В изображении Тацита Агрикола отличался той новой особенностью, которую мы договорились условно называть «остатком». Ключевая фраза в этом смысле — 44,3: «Ведь по достижении им истинных благ, которые покоятся в добродетелях, а также консульских и триумфальных отличий, чем еще могла бы одарить его судьба?» Слова об «истинных благах», противопоставленных благам внешним и несущественным, представляли собой распространенную философскую формулу, прекрасно известную Тациту и бывшую на слуху у его читателей. Повторяя ее, Тацит подчеркивал, что для его героя почетные результаты его государственной деятельности были чем-то ценным, но внешним, посторонним главному, внутреннему, духовному содержанию его жизни. В чем же тогда заключалось это содержание? Оно раскрывается в следующих же фразах, где перечисляется, чего реально достиг Агрикола и что тем самым и составляло для него «истинные блага»: состояние, не чрезмерное или огромное, но значительное; близость жены и дочери, родных и друзей; покой в сочетании с достоинством. Истинным благом, другими словами, явилась для Агриколы реализация его ранее изложенной жизненной программы: человекосоразмерность жизненной задачи; доброта и добросовестность; скромность, умеренность и податливость; умение спастись и спасти своих без вреда для других и активной подлости.
Эта программа предполагала невыявляемые в общественной деятельности ресурсы личности, особое, не карьерное, но и не стоическое упорство, своего рода мудрость, выражающуюся в самоограничении и умеренности. О «мудрости» Агриколы Тацит упоминает довольно часто — слишком часто для характеристики героя, действительно простого и подлинно немудрящего.

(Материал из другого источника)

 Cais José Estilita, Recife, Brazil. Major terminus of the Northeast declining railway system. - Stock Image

По мнению Тацита, именно подобные люди могли вывести римское государство из кризиса конца века. «Жизнеописание Агриколы» было не только биографией, но и назиданием, практическим рецептом поведения. Такая установка обнаруживается в книге весьма отчетливо. Во-первых, стиль собственно биографических глав, в которых раскрываются личность Агриколы и принципы его общественного поведения, входит в ораторскую, а не в биографическую традицию латинской прозы. Для этих глав характерны нечеткая и почти не указываемая хронология; обилие риторических эффектностей, призванных покрыть отсутствие фактов; весь набор классических для ораторского обращения фигур речи. Во-вторых, произведения, посвященные прославлению погибших в репрессиях предыдущих царствований, читались в эту эпоху широко и публично для специально приглашенной аудитории. Тацит поступал, очевидно, так же, как все, т. е. рассчитывал на прямой и немедленный общественный резонанс.

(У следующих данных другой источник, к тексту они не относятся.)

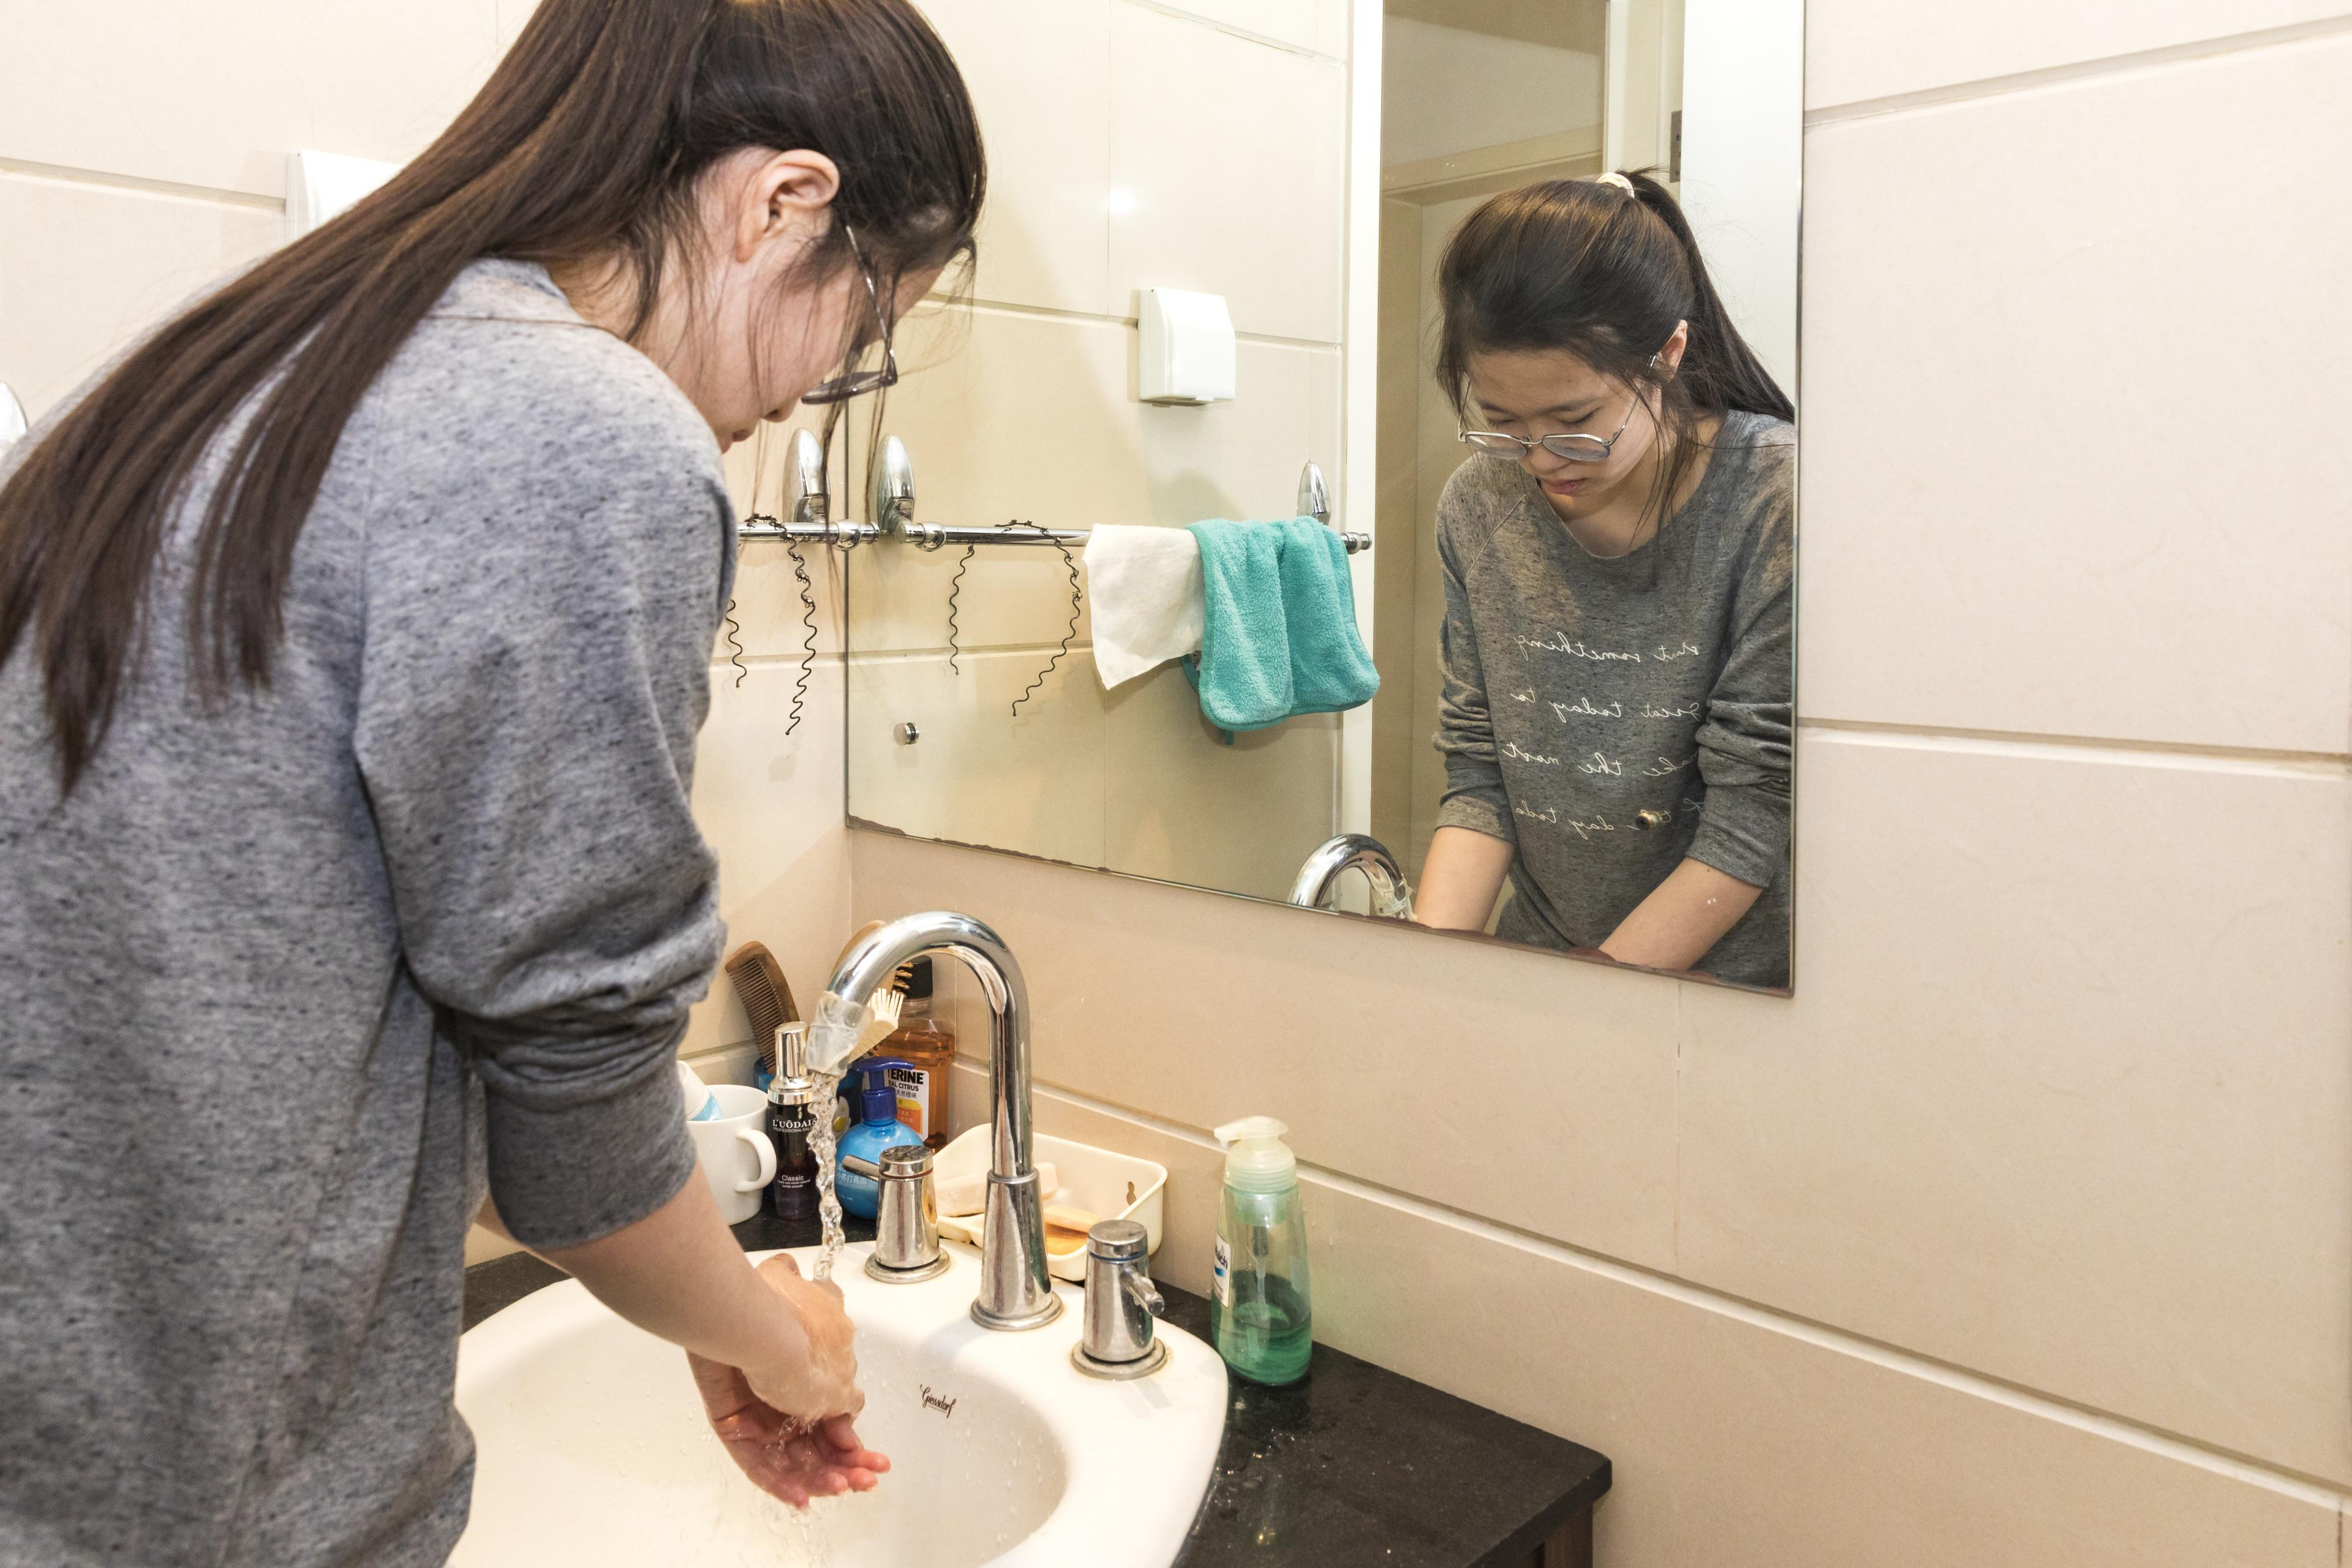 China handwashing

Тацит, таким образом, активно принимал меры к тому, чтобы утвердить найденную им в «Агриколе» жизненную позицию в качестве практической нормы общественного поведения римского магистрата. Особенности его мировоззрения конца 90-х годов еще давали ему возможность всячески подчеркивать, будто скромный, спокойный, «негромкий», покладистый, не выказывающий никакого героизма Агрикола гораздо лучше выполняет государственные обязанности, больше предан «римскому делу», чем геройствующие оппозиционеры или равнодушные к римским традициям прагматики-служаки, будто наличие в современном человеке «остатка» отнюдь не обязательно предполагает отход его от государственных дел, ибо сам этот «остаток» может и должен быть заполнен служением государству. Именно благодаря появлению в современном человеке этого рефлектированного «остатка» служение государству могло и должно было стать не инстинктивным и нерассуждающим, как в древности, и не карьерным и корыстным, как при Нероне и Флавиях, а внутренне продуманным, сознательным и выбранным, спокойным и нравственно полноценным.